I sometimes wonder if this is a bad thing.
Money has become an abstraction in my life. I do not carry cash anymore. Too often, when I did carry it, I’d end up giving it away to people begging for change in the subways or on the streets in Boston. I’m not opposed to helping people in need, but think that supporting institutions designed to get people off the street is a much better use of my funds rather than giving someone $5 because they tell me they need money for a bus ticket to get home. What little reading I’ve done into the subject gives me little encouragement that the $5 is actually going to a bus ticket .
So, life is easier with a credit or debit card, handling the finances in computerized transactions that are automatically recorded, removing humans and human errors largely from the equation, streamlining the system of payment to give me what I want exactly when I want it, without having to worry about the availability of funds.
It’s easy to see why this appeals to so many people. The simplicity and speed of gratification is a sign of modernity. Companies like it too. One would think it heretical that both sides like the exact same thing. After all, aren’t they both competing to hang on to the money? Except we don’t. Or, at least I don’t.

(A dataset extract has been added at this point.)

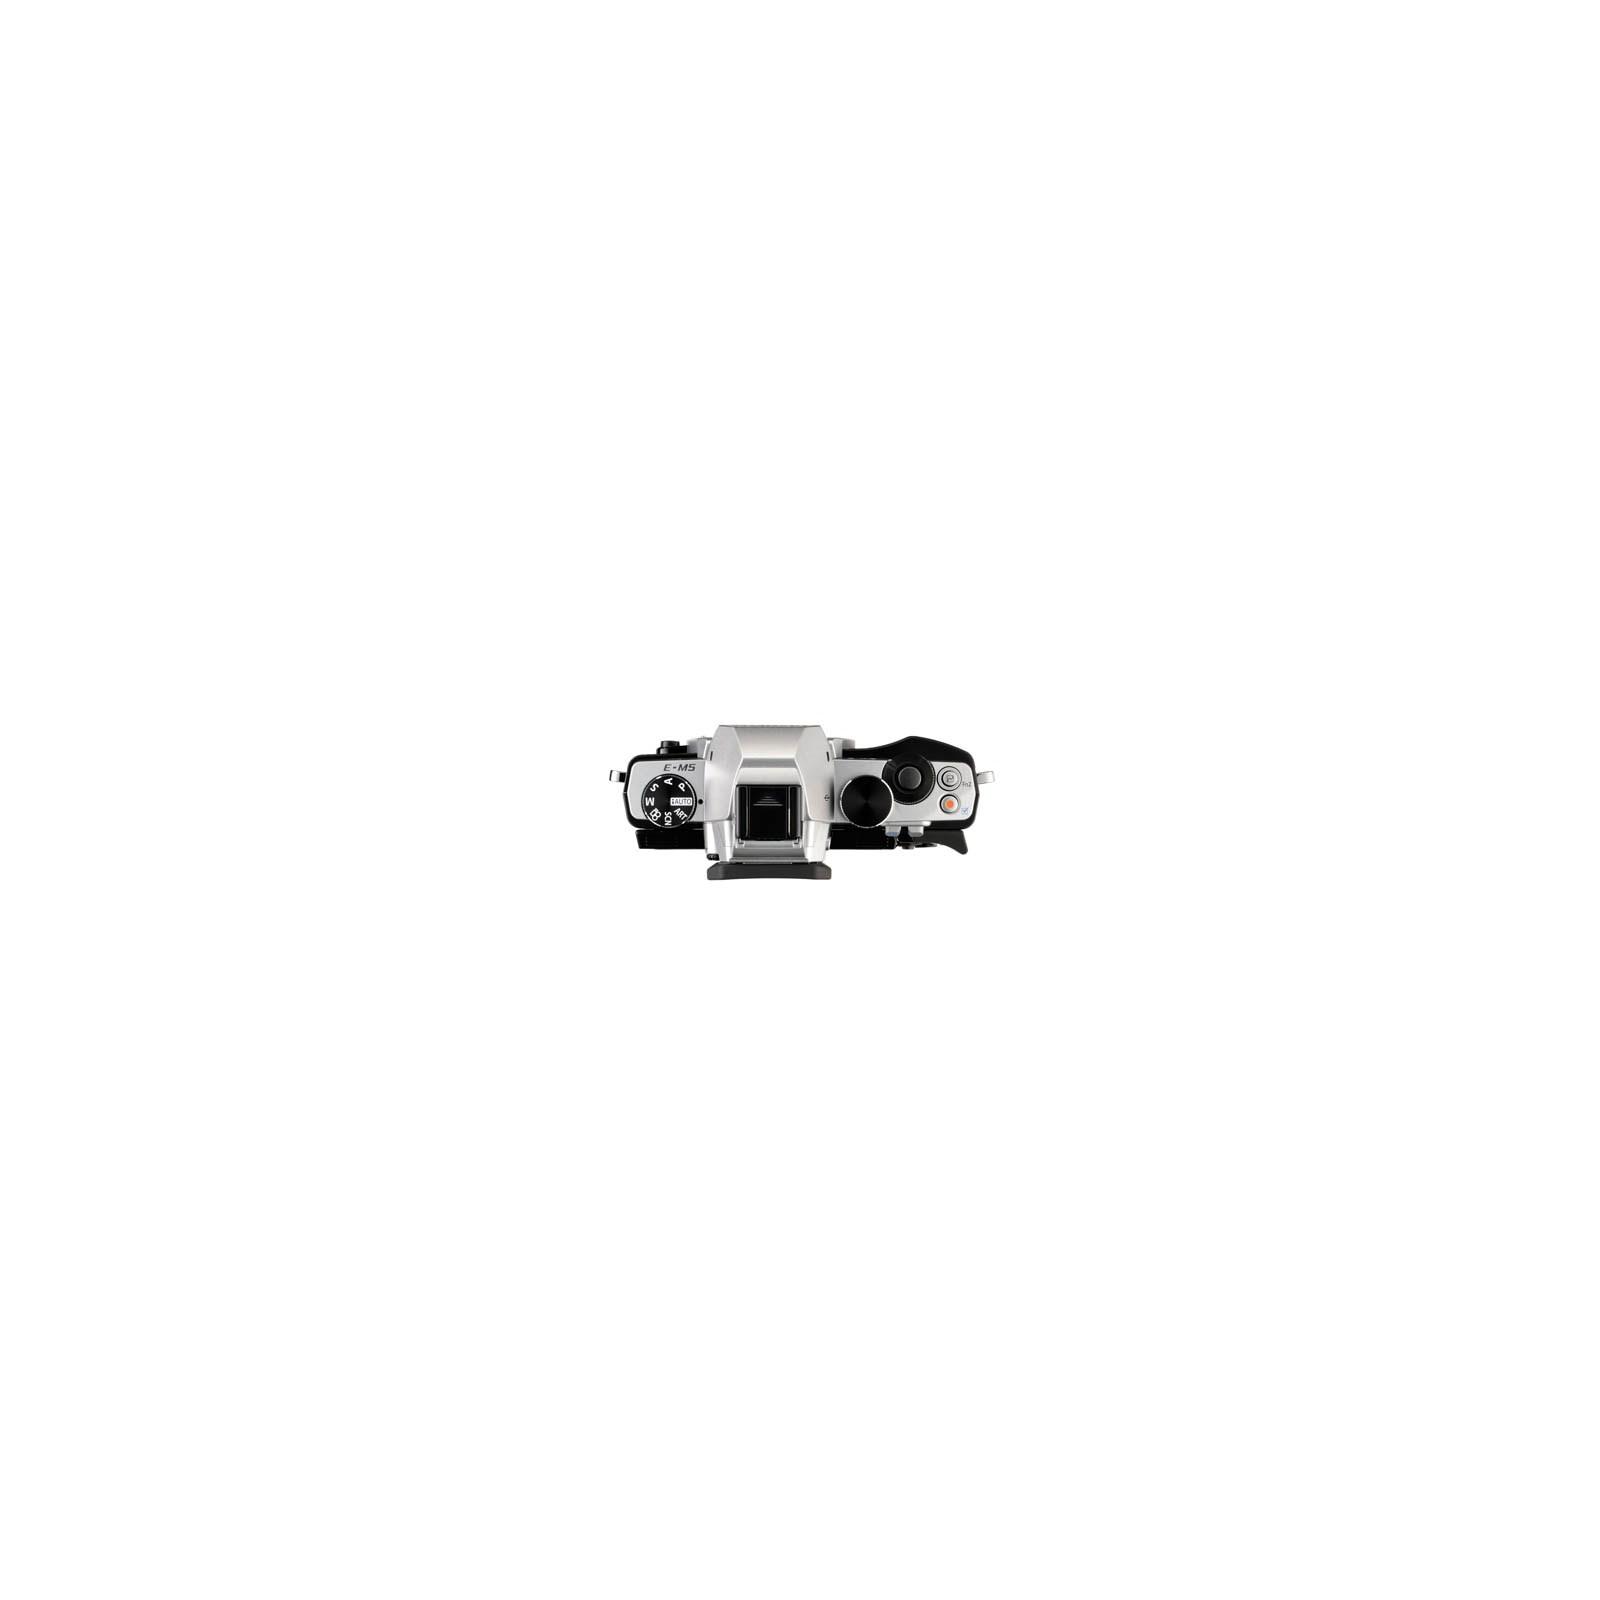 Цифровой фотоаппарат OLYMPUS OM-D E-M5 body silver (V204040SE000) изображение 3
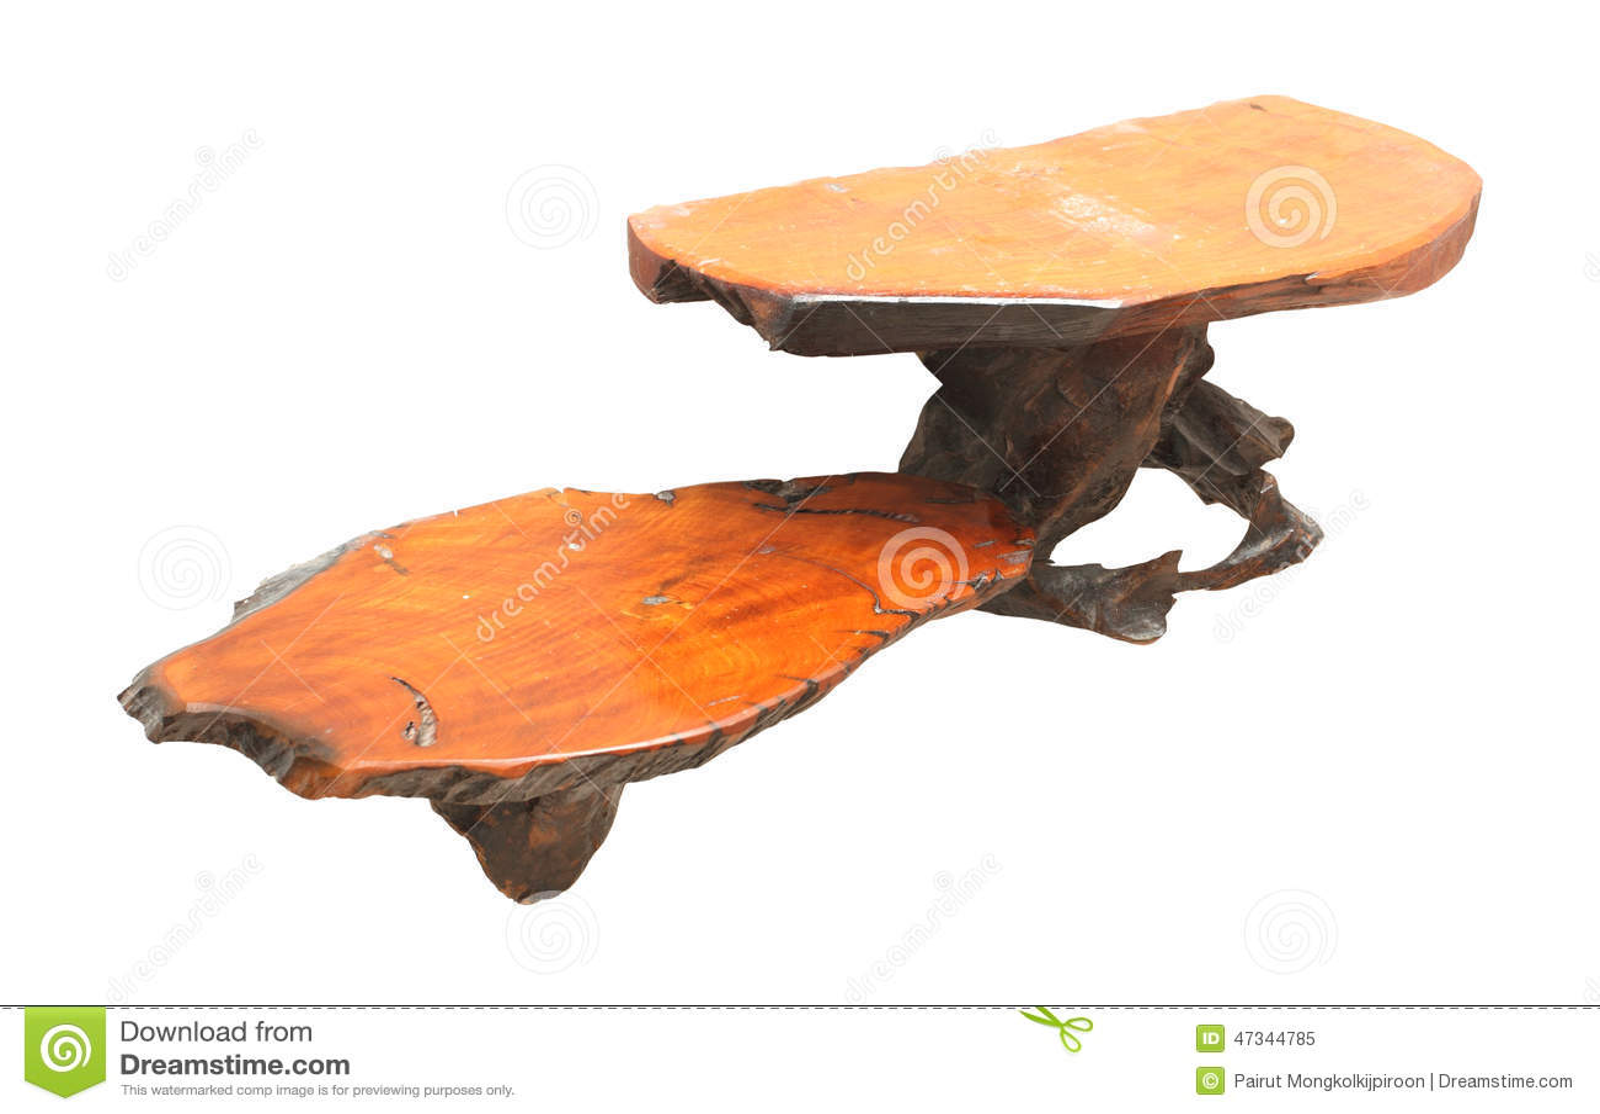 Wall Shelves Design Natural Wood Stock Photo - Image: 47344785

What is a dollar worth? For value propositions, we are often presented the worth of something in dollars, but without a baseline perception of the metric, how can we have any meaningful comparisons?
Example 1: An unlocked (purchased off contract, without a subsidy) smart phone for $200 is perceived to be a good deal, but why? The reason is that, compared to other unlocked cell phones, $200 falls on the low end of the spectrum. Higher end Android and iPhones unlocked easily broach $600. But what is the value of $200? For that, you could buy 200 loaves of bread, or 100 half-gallons of milk. Or split the difference and eat like a medieval peasant for a third of a year (and probably die by the end, that’s not the healthiest diet).
The point is, why has $200 for a smartphone been deemed an acceptable value? One could argue that the market demand determines the price. Higher prices reduce adoption, lower prices eliminate profitability margin, and you’re sort of right. We don’t usually know how much things cost to make, in every sense.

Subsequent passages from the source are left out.